1. Intrusion Detection
An intrusion is an active sequence of related events that deliberately try to cause harm, such as rendering system unusable,accessing unauthorized information or manipulating such information. To record the information about both successful and unsuccessful attempts, the security professionals place the devices that examine the network traffic, called sensors. These sensors are kept in both front of the firewall (the unprotected area) and behind the firewall (the protected area) and values through comparing the information are recorded by the two.
An Intrusion Detection System (IDS) can be defined as a tool, method and resource to help identify, access and report unauthorized activity. Intrusion Detection is typically one part of an overall protection system that is installed around a system or device. IDS work at the network layer of the OSI model and sensors are placed at the choke points on the network. They analyze packets to find specific patterns in the network traffic, if they find such a pattern in the traffic, an alert is logged and a response can be based on data recorded.
1.1 The need for Intrusion Detection Systems
A computer system should provide confidentiality, integrity and assurance against denial of service. However, due to increased connectivity (especially on the Internet), and the vast spectrum of financial possibilities that are opening up, more and more systems are subject to attack by intruders. These subversion attempts try to exploit flaws in the operating system as well as in application programs and have resulted in spectacular incidents like the Internet Worm incident of 1988 [5].
There are two ways to handle subversion attempts. One way is to prevent subversion itself by building a completely secure system. The authors could, require all users to identify and authenticate themselves; they could protect data by various cryptographic methods and very tight access control mechanisms. However this is not really feasible because,
- In practice, it is not possible to build a completely secure system. Miller [3] gives a compelling report on bugs in popular programs and operating systems that seems to indicate that (a) bug free software is still a dream and (b) no one seems to want to make the effort to try to develop such software. Apart from the fact that they do not seem to be getting our money's worth when they buy software, there are also security implications when our E-mail software, for example, can be attacked. Designing and implementing a totally secure system is thus an extremely difficult task.
- The vast installed base of systems worldwide guarantees that any transition to a secure system, (if it is ever developed) will be long in coming.
- Cryptographic methods have their own problems. Passwords can be cracked, users can lose their passwords, and entire crypto-systems can be broken.
- Even a truly secure system is vulnerable to abuse by insiders who abuse their privileges.
- It has been seen that the relationship between the level of access control and user efficiency is an inverse one, which means that the stricter the mechanisms, the lower the efficiency becomes.
The authors see that they are stuck with systems that have vulnerabilities for a while to come. If there are attacks on a system, they would like to detect them as soon as possible (preferably in real-time) and take appropriate action. This is essentially what an Intrusion Detection System (IDS) does. An IDS does not usually take preventive measures when an attack is detected, it is a reactive rather than pro-active agent. It plays the role of an informant rather than a police officer.

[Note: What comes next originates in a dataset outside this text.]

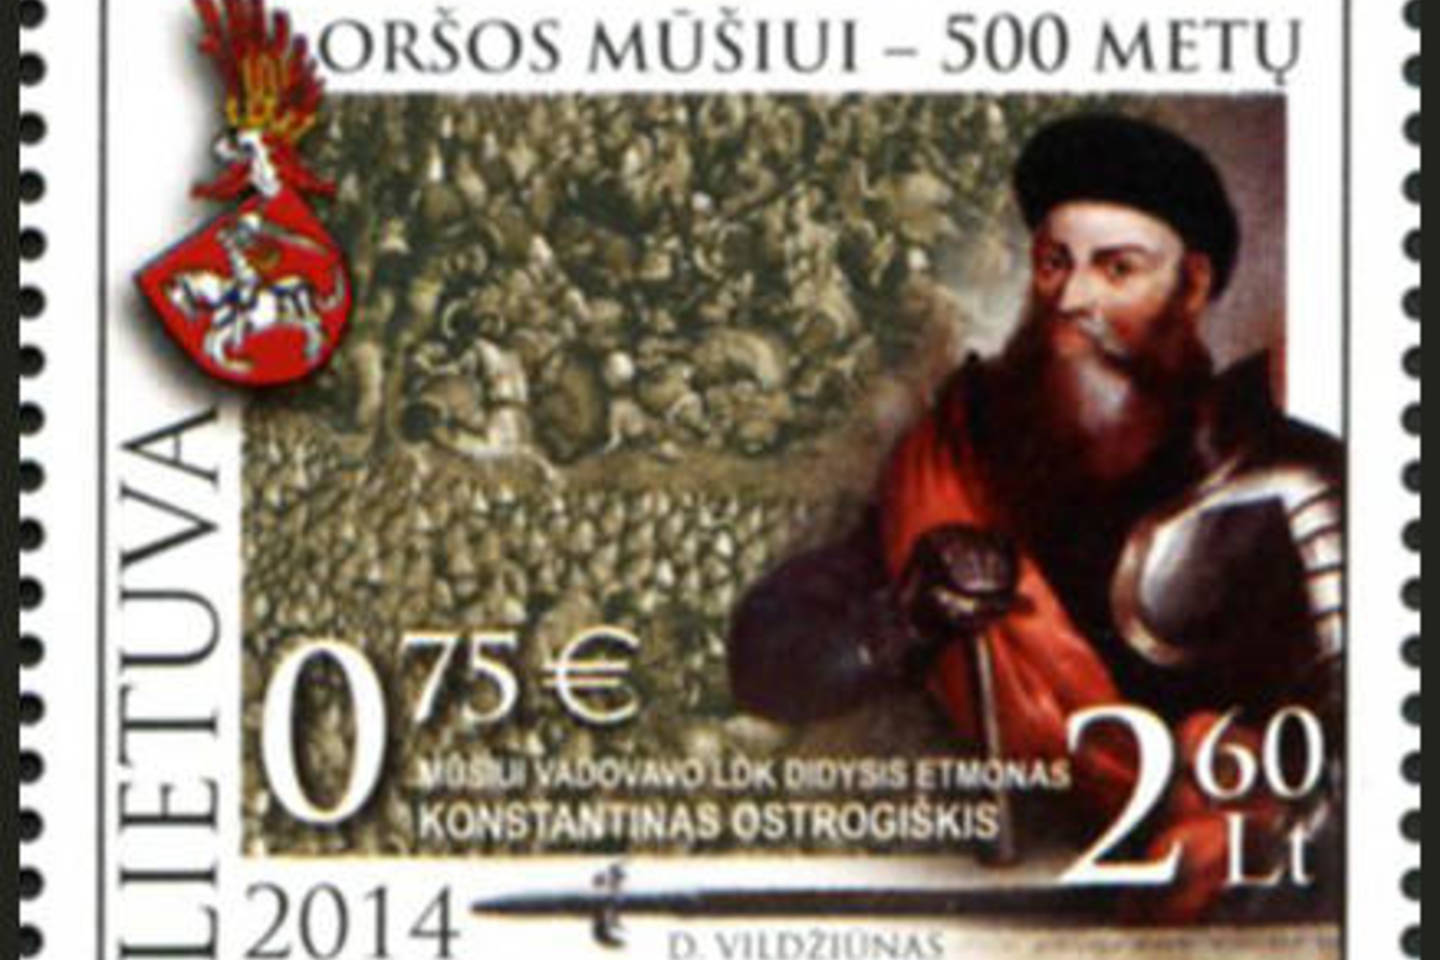 Oršos mūšis įvyko 1514 m. rugsėjo 8 d. tarp Lietuvos didžiosios kunigaikštystės ir Maskvos didžiosios kunigaikštystės kariuomenių, netoli Oršos.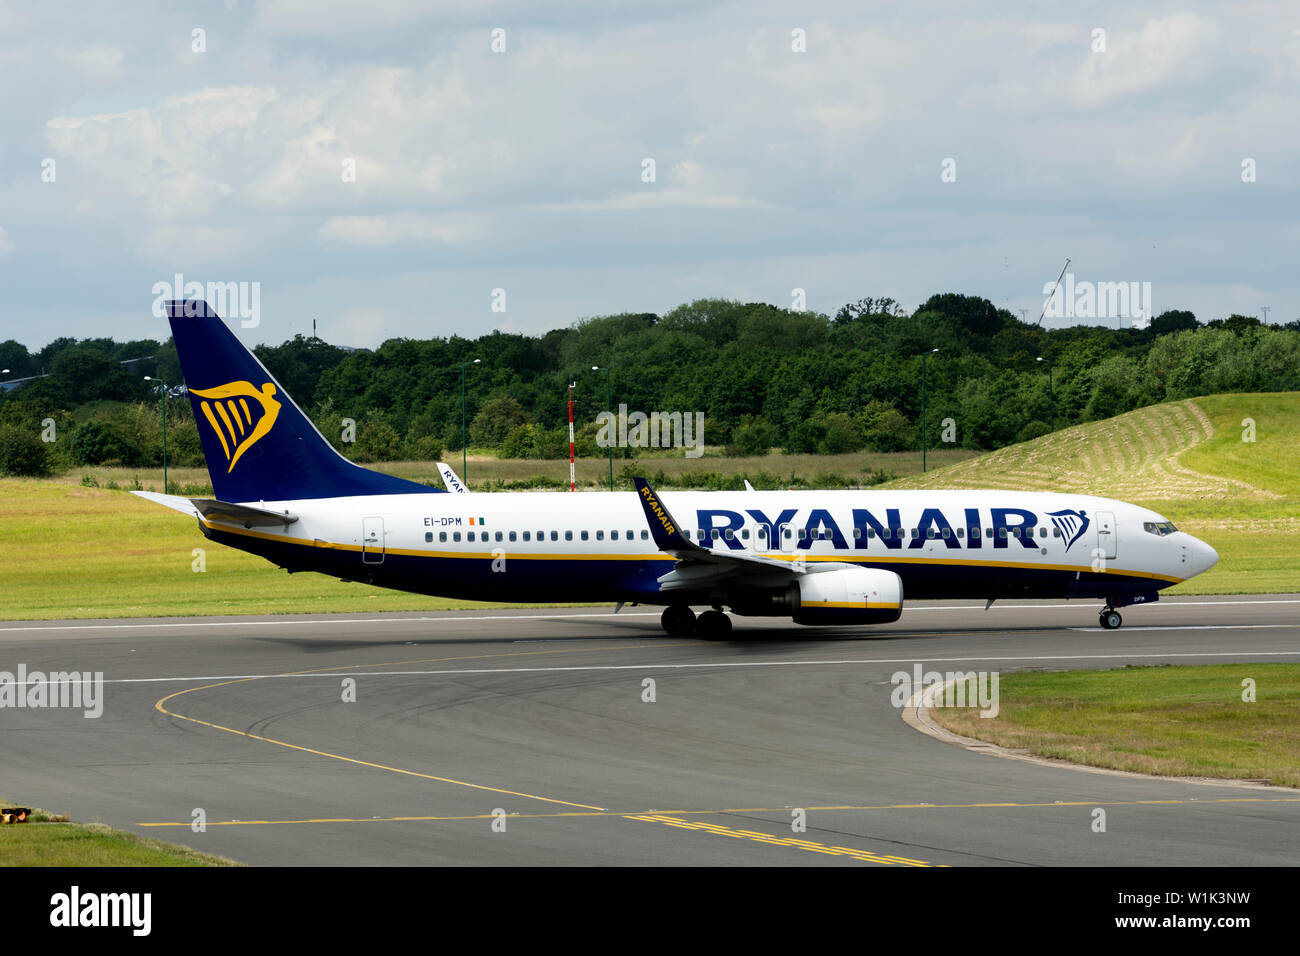 Ryanair Boeing 737-8comme à l'aéroport de Birmingham, UK (AE-DPM) Banque D'Images

The most popular way to detect intrusions has been by using the audit data generated by the operating system. An audit trail is a record of activities on a system that are logged to a file in chronologically sorted order. Since almost all activities are logged on a system, it is possible that a manual inspection of these logs would allow intrusions to be detected. However, the incredibly large sizes of audit data generated (on the order of 100 Megabytes a day) make manual analysis impossible. IDSs automate the drudgery of wading through the audit data jungle. Audit trails are particularly useful because they can be used to establish guilt of attackers, and they are often the only way to detect unauthorized but subversive user activity.
Many times, even after an attack has occurred, it is important to analyze the audit data so that the extent of damage can be determined, the tracking down of the attackers is facilitated, and steps may be taken to prevent such attacks in the future. An IDS can also be used to analyze audit data for such insights. This makes IDSs valuable as real-time as well as post-mortem analysis tools.
1.2 Classification of Intrusion Detection Systems
Intrusions can be divided into 6 main types [21]
- Attempted break-ins: which are detected by a typical behavior profile or violations of security constraints.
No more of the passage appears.